Surely, the lispiest way is to write an interpreter! Write a function fizzbuzz-eval so that the following is a solution (left as an exercise). ;)

    (fizzbuzz-eval
     100
     '(((3 5) (print "FizzBuzz"))
       ((3)   (print "Fizz"))
       ((5)   (print "Buzz"))
       (()    print-number)))

[digitailor]

Here's a macro. There's some issues :) The biggest one is you have to make sure to put the multiple divisors list first.

The call is

  (fizzbuzz (100 (((3 5) "fizzbuzz")(3 "fizz")(5 "buzz"))))

  (defun make-cond (item)
  (let ((divisors (first item))
	(exclamation (second item)))
    (if (listp divisors)
	(let ((div1 (first divisors))
	      (div2 (second divisors)))
	  `((and (= 0 (mod n ,div1)) (= 0 (mod n ,div2)))
	    (format t "~a: ~a~%" n ,exclamation)))
      `((= 0 (mod n ,divisors)) ;else
	(format t "~a: ~a~%" n ,exclamation)))))

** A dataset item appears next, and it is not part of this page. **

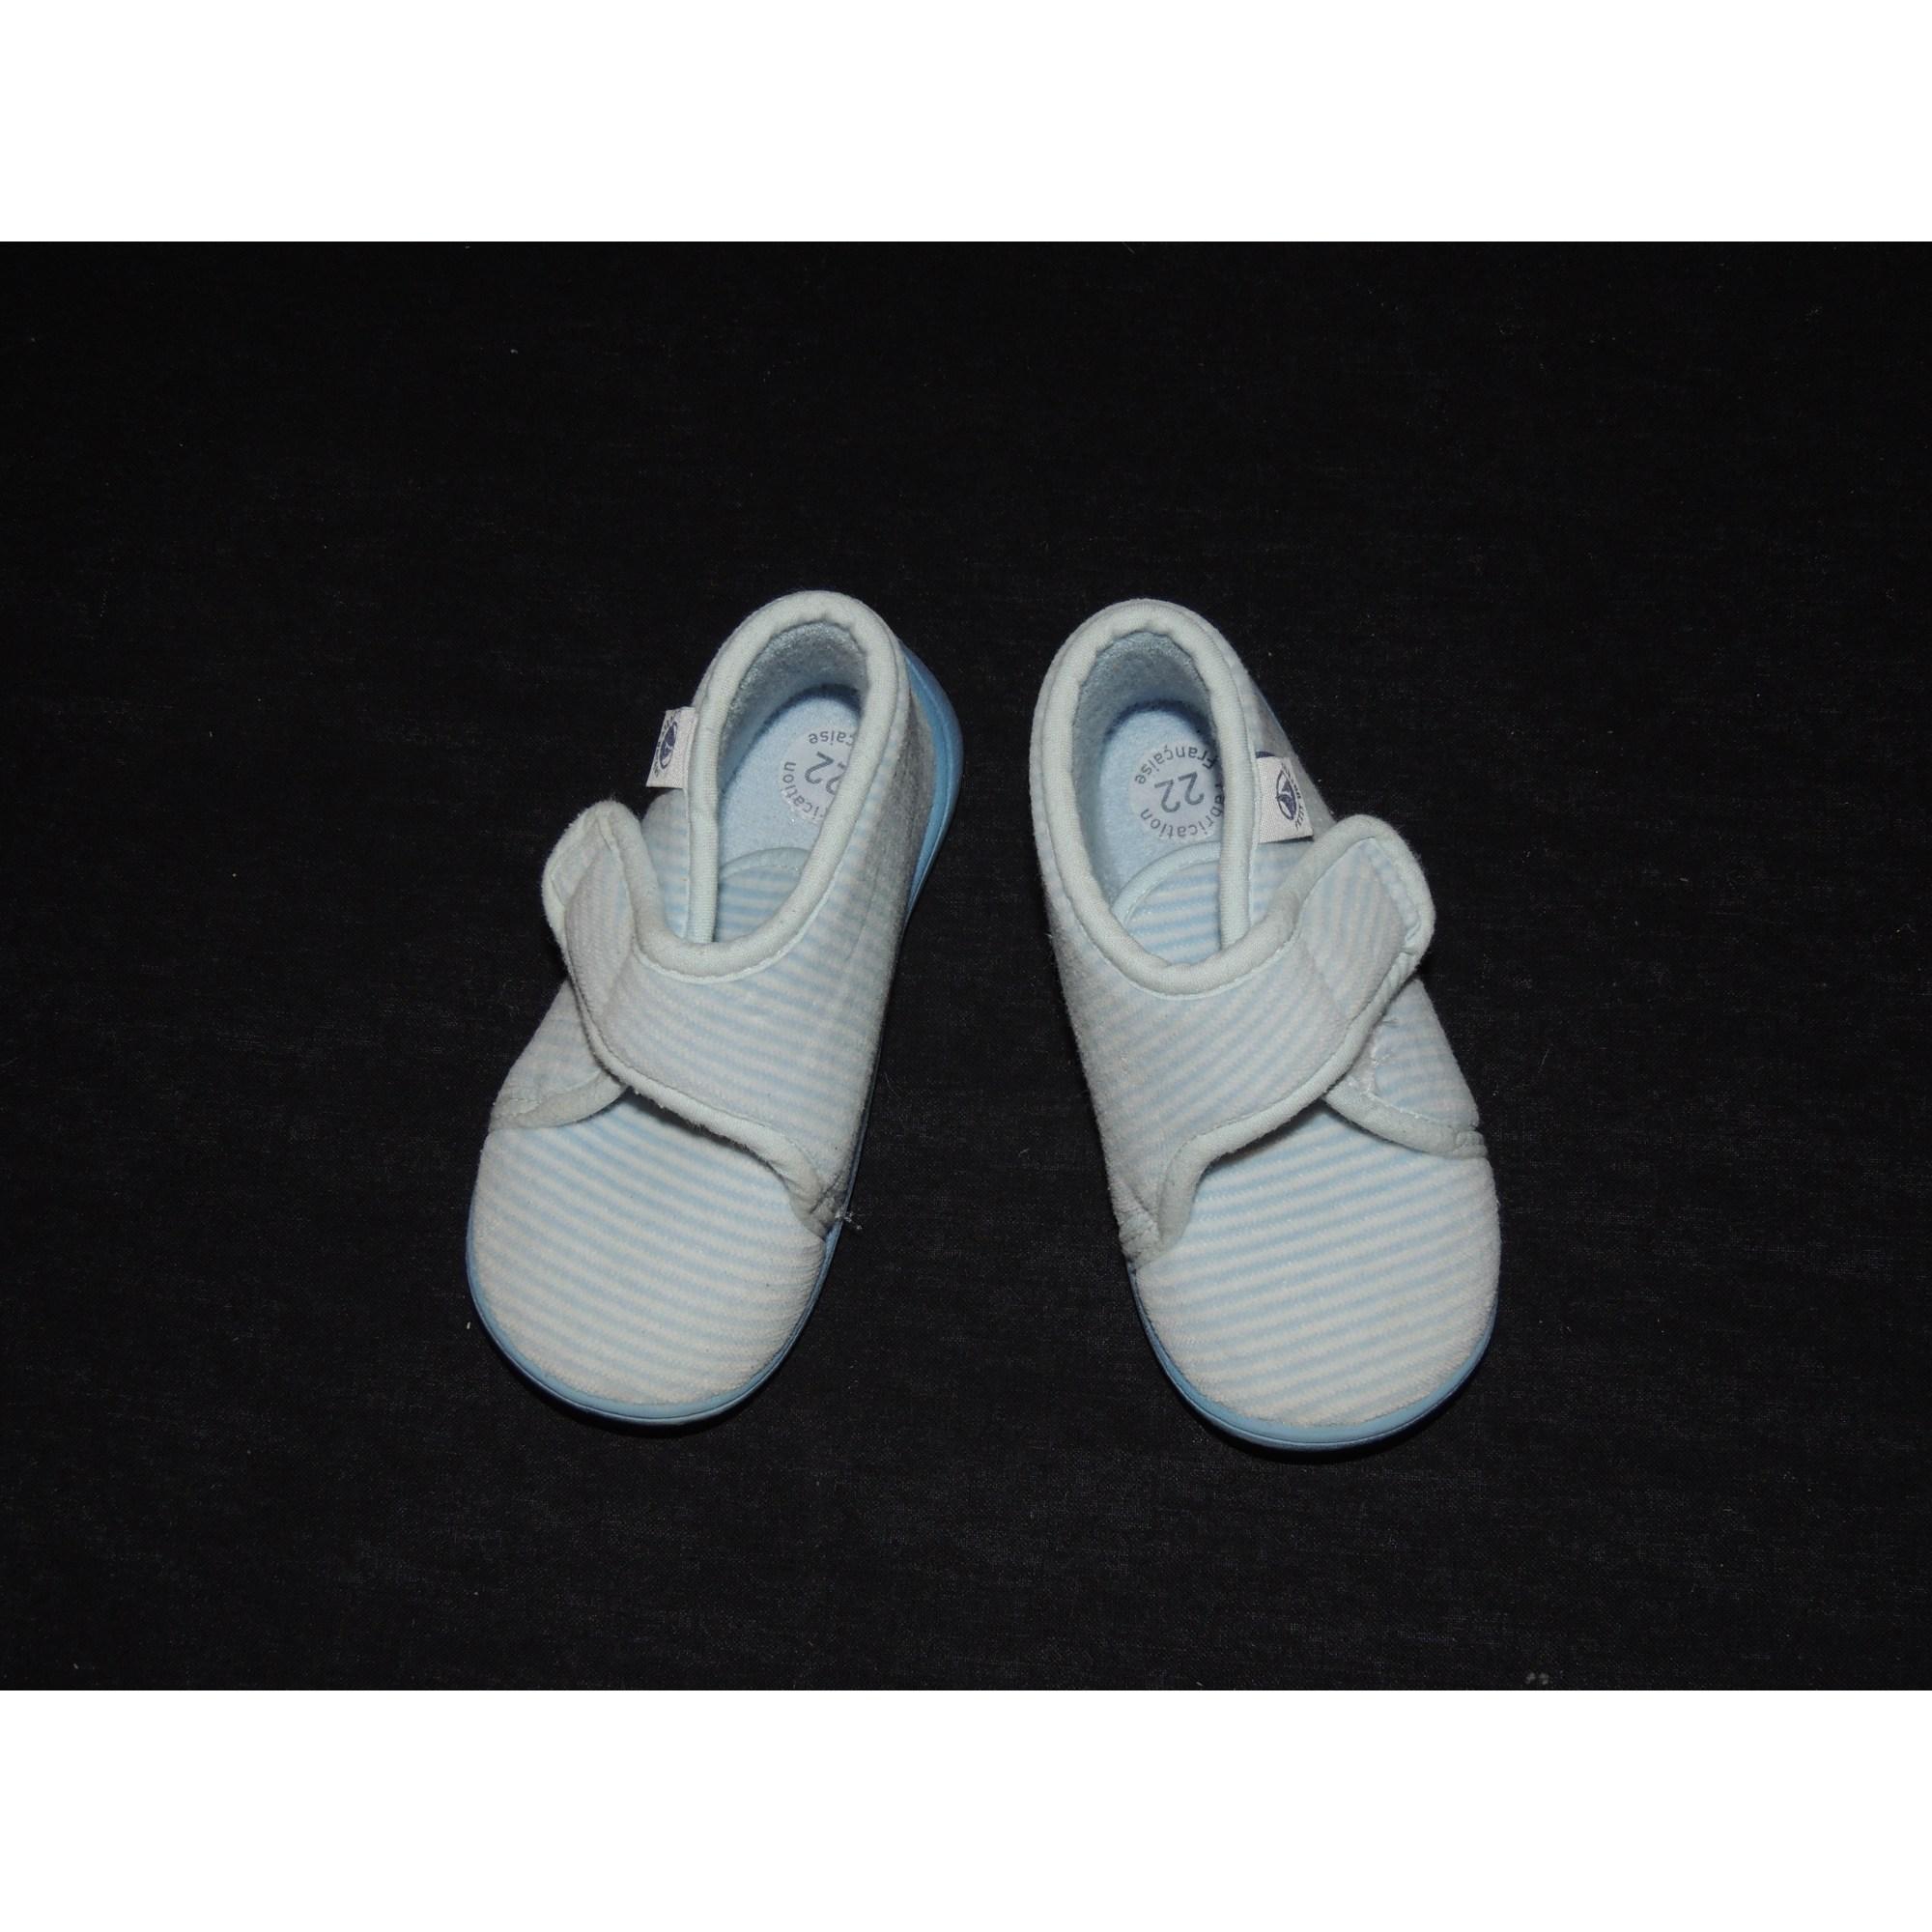 f97829c267f Chaussons   pantoufles PETIT BATEAU 22 bleu - 2913608

  (defmacro fizzbuzz (params-list)
  (destructuring-bind (num-to req-list) params-list
    (let ((cond-list '(((= 0 n)))))
      (loop for item in req-list do
	    (push (make-cond item) cond-list))
      `(dotimes (n ,num-to)
	 (cond ,@(reverse
		  (push '(t (format t "~a~%" n))
			cond-list)))))))

[ericbb]

Hehe. That's quite a monster. I'll try to be a bit more helpful.

1. Use loop instead of dotimes so you can make the index range over 1-100 instead of 0-99.

2. Factor out the string calculation so you only need one print statement.

3. Maybe use zerop.

4. Don't write ")(". Use a space in between.

Example:

    (loop for n from 1 to 100
          do (format t "~a~%"
                     (cond
                      ((and (zerop (mod n 3))
                            (zerop (mod n 5)))
                       "FizzBuzz")
                      ((zerop (mod n 3)) "Fizz")
                      ((zerop (mod n 5)) "Buzz")
                      (t (format nil "~a" n)))))

[digitailor]

Thanks!

With the macro you can use arbitrary divisors though ;)

Any desire to refactor that beast?